Billions wiped off companies listed on Australian exchangegreenspun.com : LUSENET : Grassroots Information Coordination Center (GICC) : One Thread
Mon, Apr 17 2000 2:42 PM AEST
Billions wiped off companies listed on ASX
Around $35 billion has been wiped off the market value of companies listed on the Australian Stock Exchange.
High-tech share prices have crashed and the big blue chip stocks are all showing significant losses.
The shake-out has been triggered by a weekend slump on New York exchanges.
With Wall Street's inflation-spooked Dow Jones index down almost 6 per cent and the Nasdaq high-tech barometer plunging almost 10 per cent, the writing was on the wall for the local market.
"It has basically been marked down absolutely, certainly no panic," said deputy chairman of Ord Minnett, Eric Gale.
At its lowest, the All-Ordinaries index was down 207 points, or 6.7 per cent - slumping below 3,000 points for the first time since last November.
The market has now stabilised at its new lower levels.
The Australian Stock Exchange staggered its opening this morning over 20 minutes, instead of the usual 10.
Just three minutes later, the All-Ordinaries index was at its low for the day, down 207 points.
At 2pm AEST, it was down 168 points or 5.4 per cent.
That means $35 billion has been stripped from the value of listed companies.
At 2,928, the All-Ords is the lowest it has been since November last year.
The media sector is down 13 per cent, telecommunications stocks are down 8 per cent.
And the technology heavy Miscellaneous Industrial index has plunged 14 per cent.
There have been big falls on Asian sharemarkets with Tokyo down 6.9 per cent, and Hong Kong dropping 8 per cent in value.
News Corporation has dived $2.90 to $17.70.

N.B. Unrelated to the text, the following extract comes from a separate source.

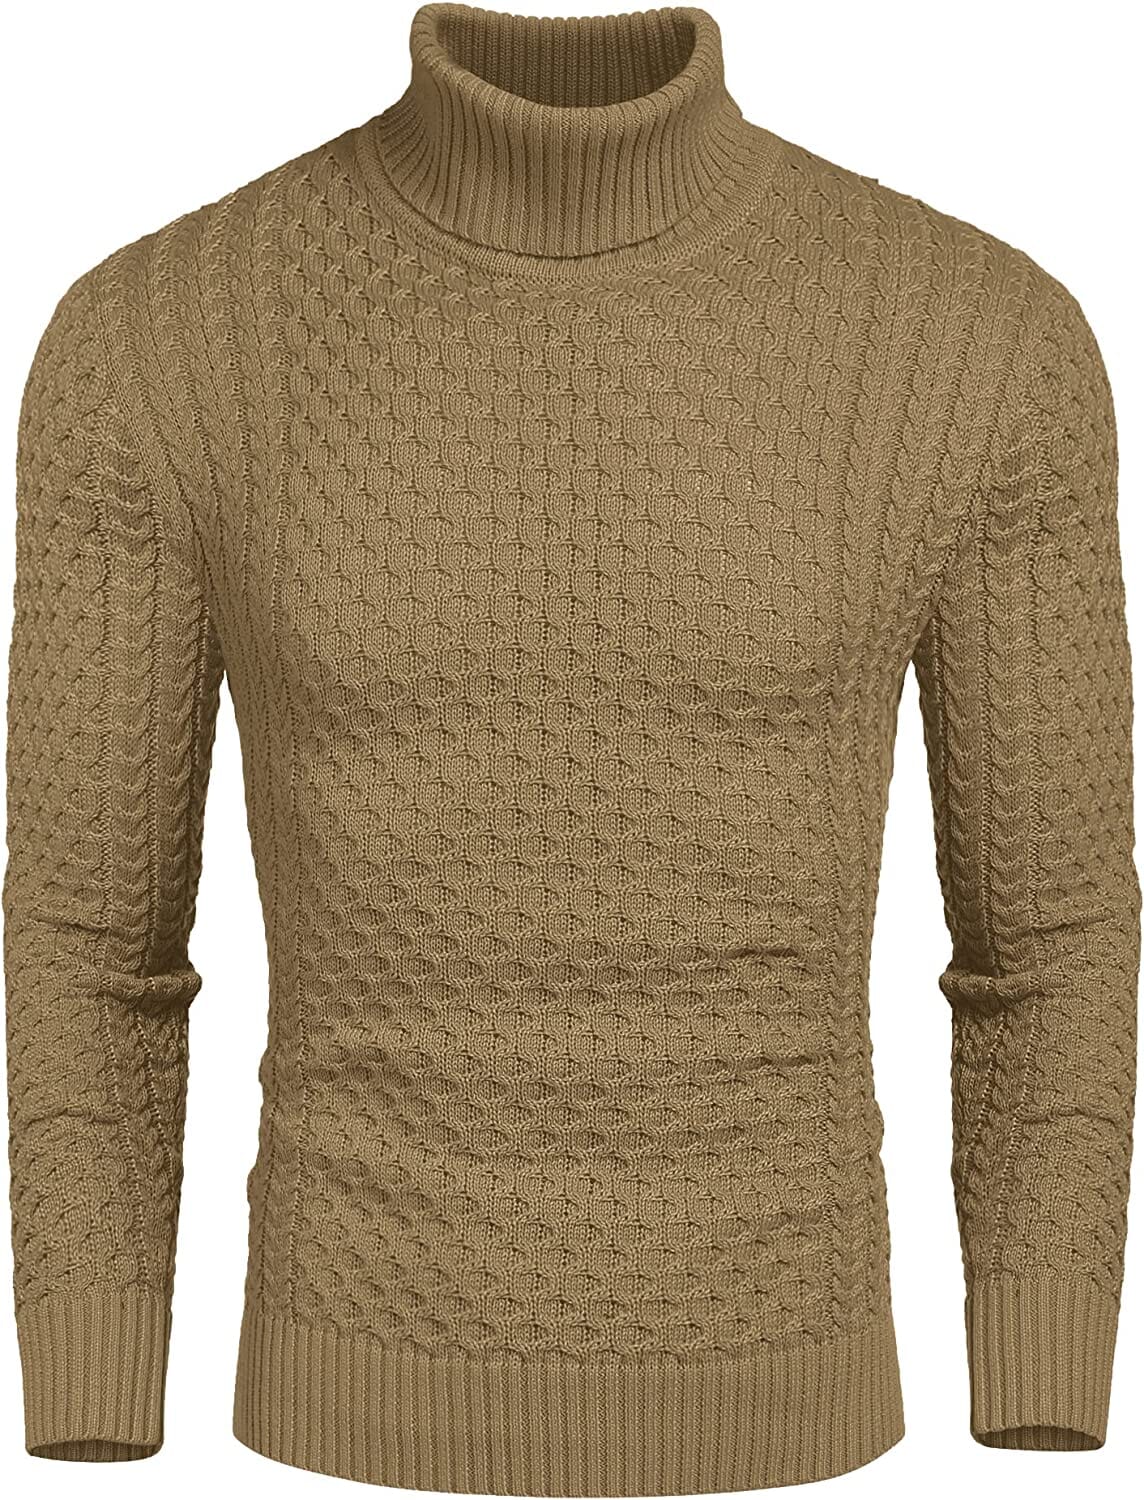 Slim Fit Turtleneck Knitted Twisted Pullover Sweaters (US Only) Sweaters Coofandy's Light Khaki S

Telstra is down 37 cents to $7.12.
High-tech shares have borne the brunt.
Between 20 and 35 per cent has been stipped off the value of companies including BMC Media, Catuity, Davnet, ecorp, Liberty One, New Tel, Reckon, Sausage Software and Spike Networks.
Mr Gale says the key will now be how New York performs tonight.

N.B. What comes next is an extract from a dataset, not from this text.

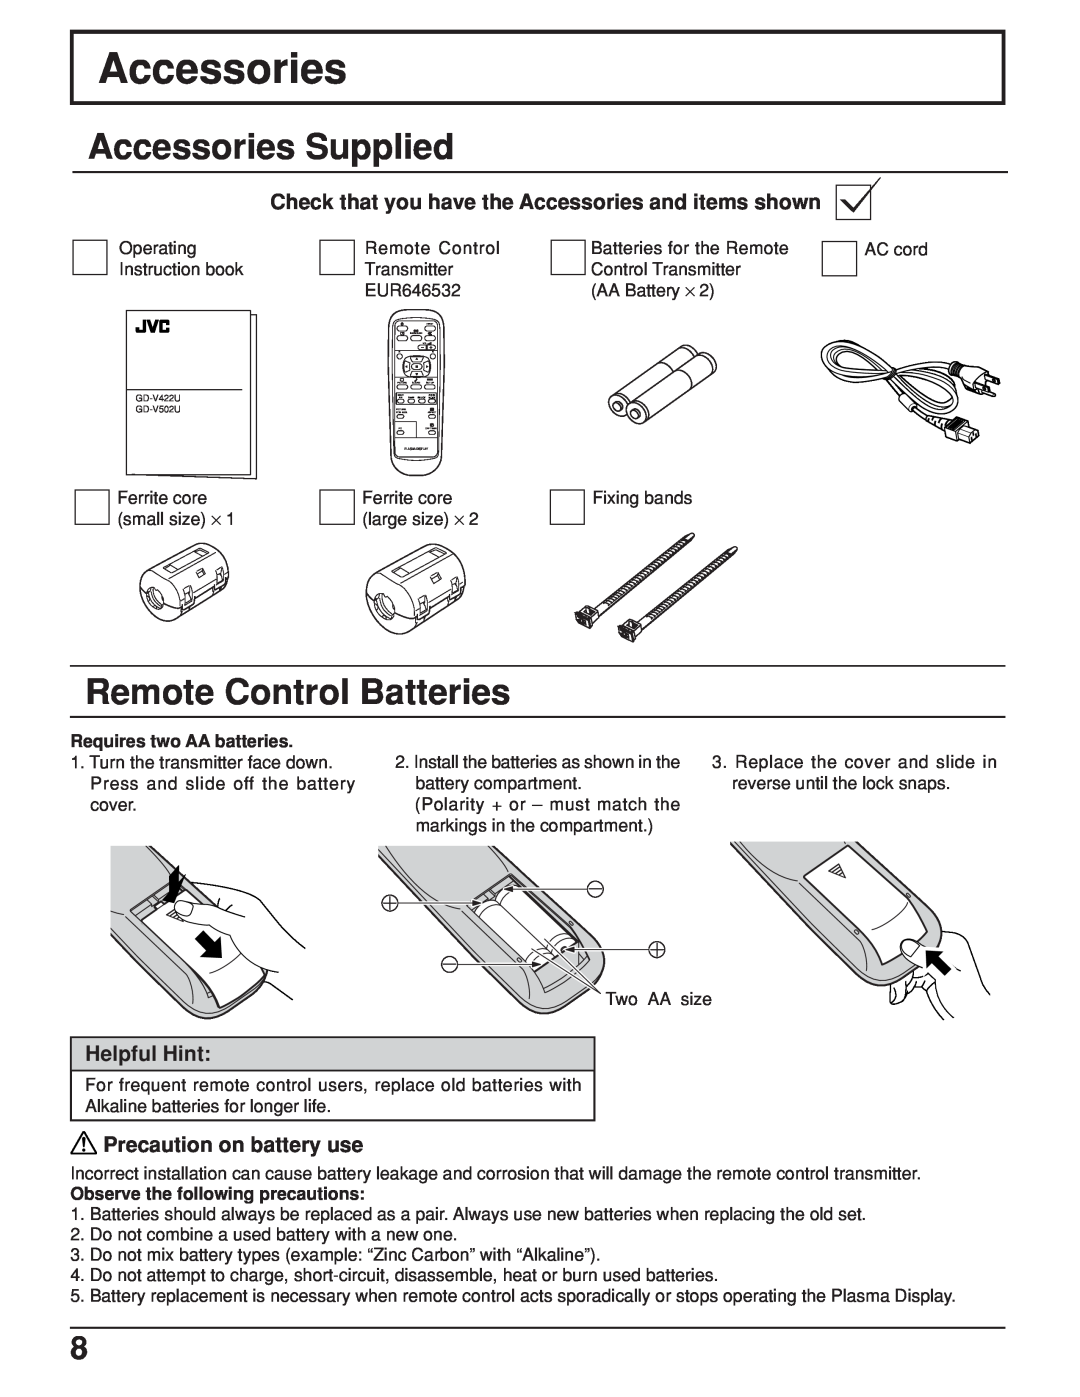 JVC GD-V422U manual Accessories Supplied, Remote Control Batteries, Check that you have the Accessories and items shown

"I do not think the market is going to be awash with bargain hunters here today," he said.
"I think they will be more circumspect than that and they will just wait and see what unfolds in the next couple of days in the overseas markets."
The Australian Stock Exchange in Sydney attracted more than its usual share of onlookers for the start of trade this morning.
A large but subdued crowd of around 300 gathered in the foyer of the stock exchange in Sydney to be among the first to see just how the world's market turmoil would impact on Australia.
But most, like Jason seem to have made the trip more out of curiosity than of genuine fear for their financial fate.
"Not really, I am not a big player of the technology stocks, I am more so the blue chips and more so the long terms, so I am not really concerned about what happens," he said.
But irrespective of what the market may do throughout the day there is one person who will definitely benefit.
Chancey Hammond who runs the coffee stand at the entrance to the exchange says business has already doubled today.
"That is why we are in the food business," he said.
"Whether it is a boom or a bust, we still have to sell food and coffee, so there you go."
The plunge in share prices is being repeated across Asia.
From the opening bell, the Tokyo stock exchange plunged 4 per cent and then fell vertically.
It is now down 7 per cent with the traders warning ominously that no-one yet believes it is a good time to buy.
Across the Sea of Japan in Korea, trading was suspended for 20 minutes after the index plunged 10 per cent within minutes of the opening bell.
It appears to have stabilised down around 11 per cent, but one trader is quoted as saying it is now meaningless to talk of a bottom to the Korean market.
Confidence has been fragile since the Asian economic crisis.
Korea had just emerged from several years in recession.